Connecting a model's outputs to real, verifiable information rather than letting it generate from training data alone. Grounding prevents hallucination by giving the model authoritative sources to reason from. RAG is the most common grounding technique.

An ungrounded LLM generates text based entirely on patterns in its training data. It has no connection to what's actually true right now, in your documents, or about your specific situation. Grounding is how you fix that: you give the model real, verified information as part of its context, and ask it to reason from that information rather than from its training alone.

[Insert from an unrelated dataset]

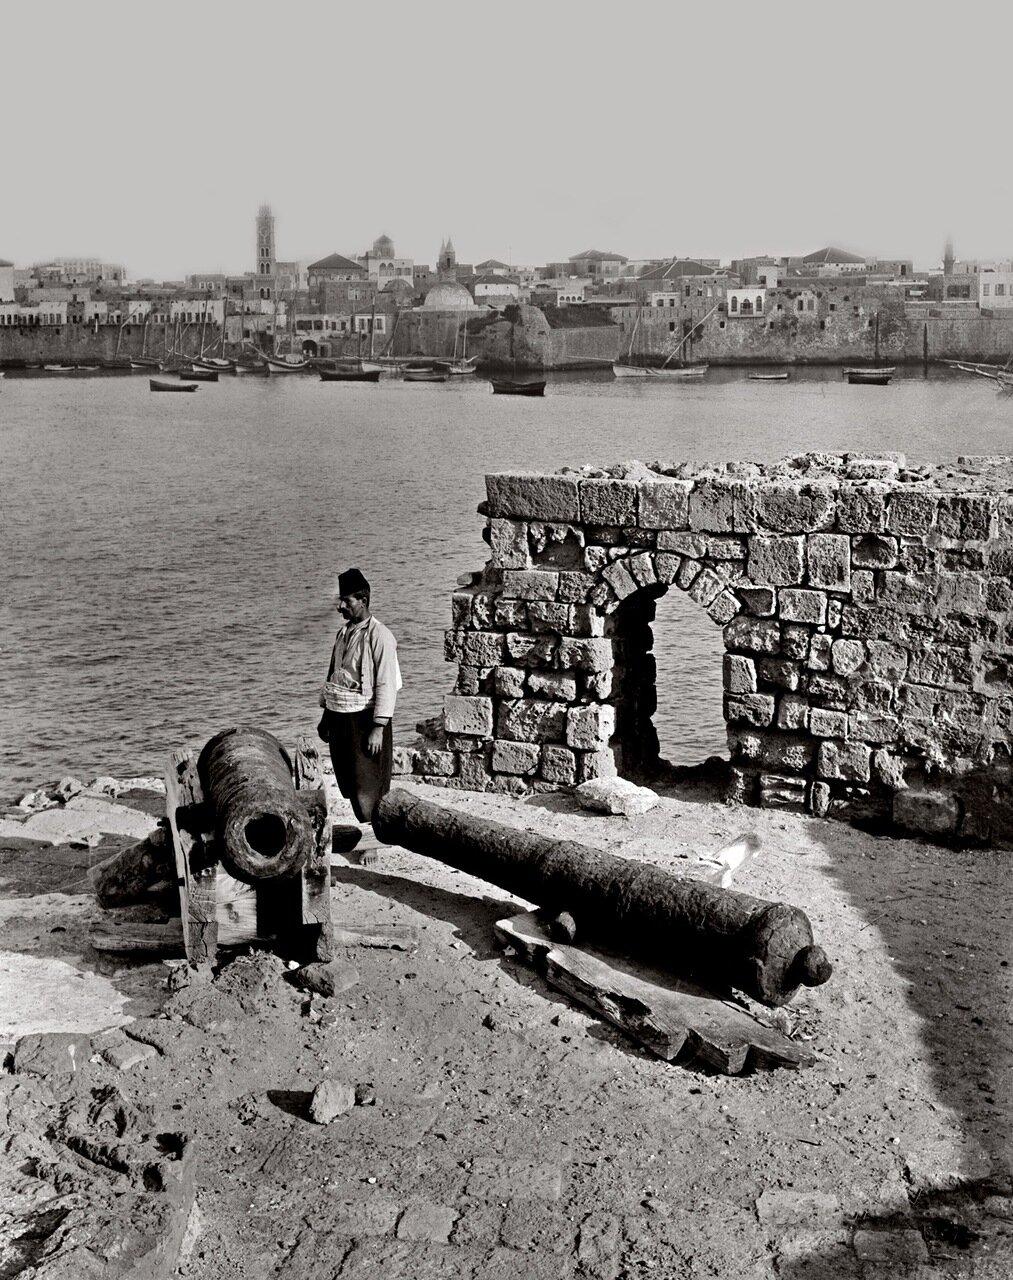 Вид Акко с моря. Палестина. 1900-1920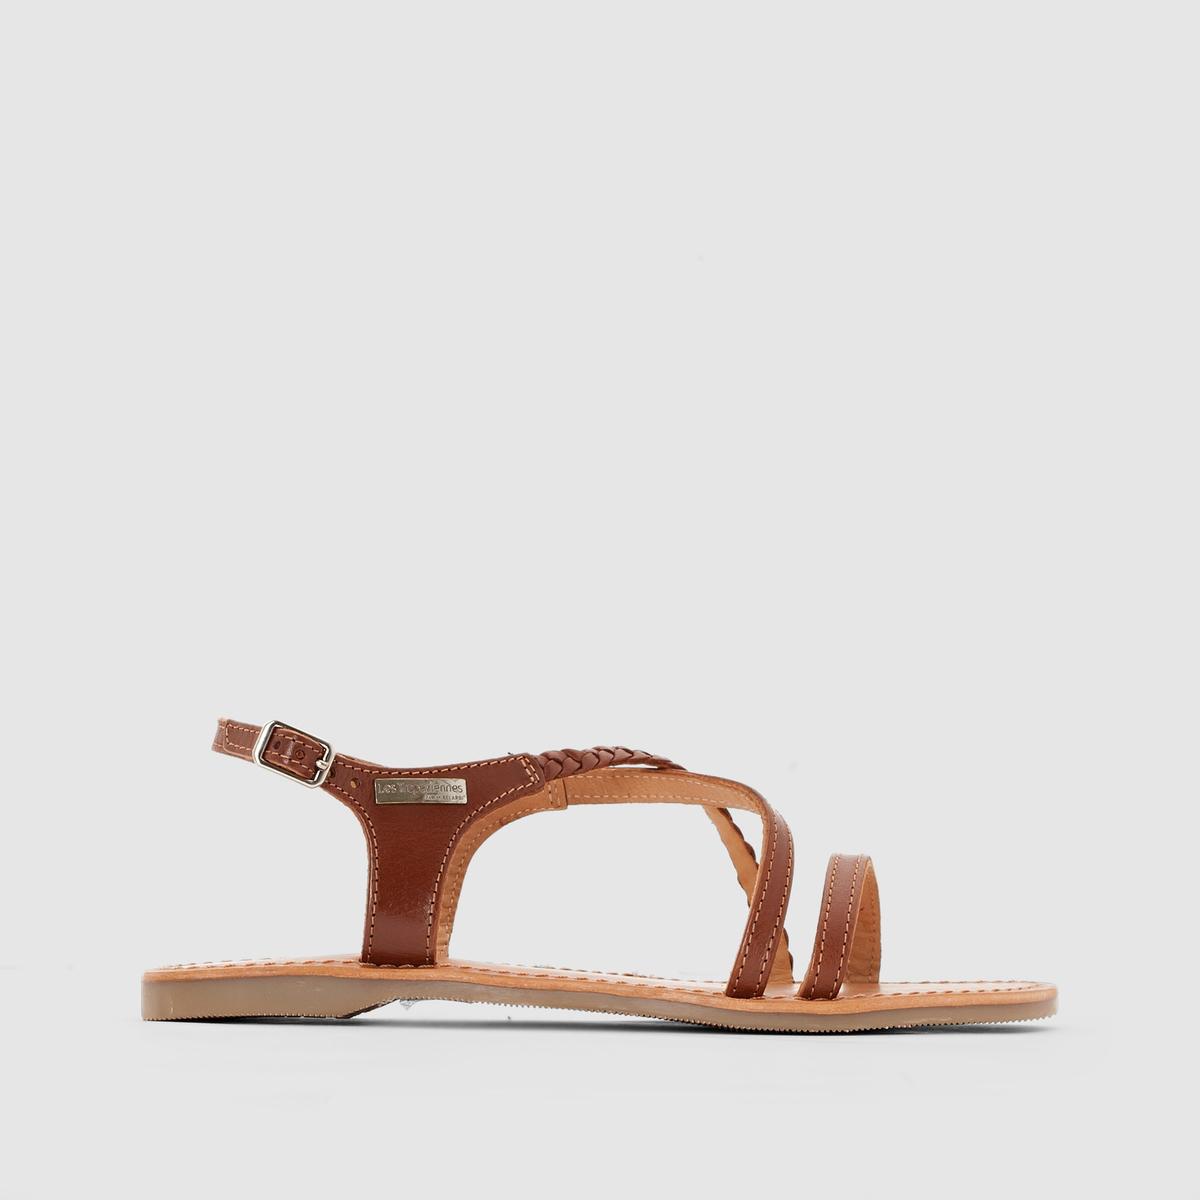 Босоножки кожаные на плоском каблуке HananoВерх : кожа   Подкладка : кожа   Стелька : кожа   Подошва : синтетика   Форма каблука : плоский каблук   Мысок : закругленный мысок   Застежка : пряжка<br><br>Цвет: темно-коричневый

The most common grounding mechanism is RAG: before generating a response, you retrieve relevant documents from a knowledge base and include them in the prompt. The model is then instructed to base its answer on those sources. This dramatically reduces hallucination on factual questions because the model has accurate information to work with instead of guessing.

Grounding also shows up in agent contexts: an agent that can query a database, call an API, or search the web in real time is grounding its decisions in current reality rather than stale training data. This is why tool use is sometimes framed as grounding. The underlying principle is the same: the more the model's outputs are anchored in verified real-world information, the more trustworthy those outputs are.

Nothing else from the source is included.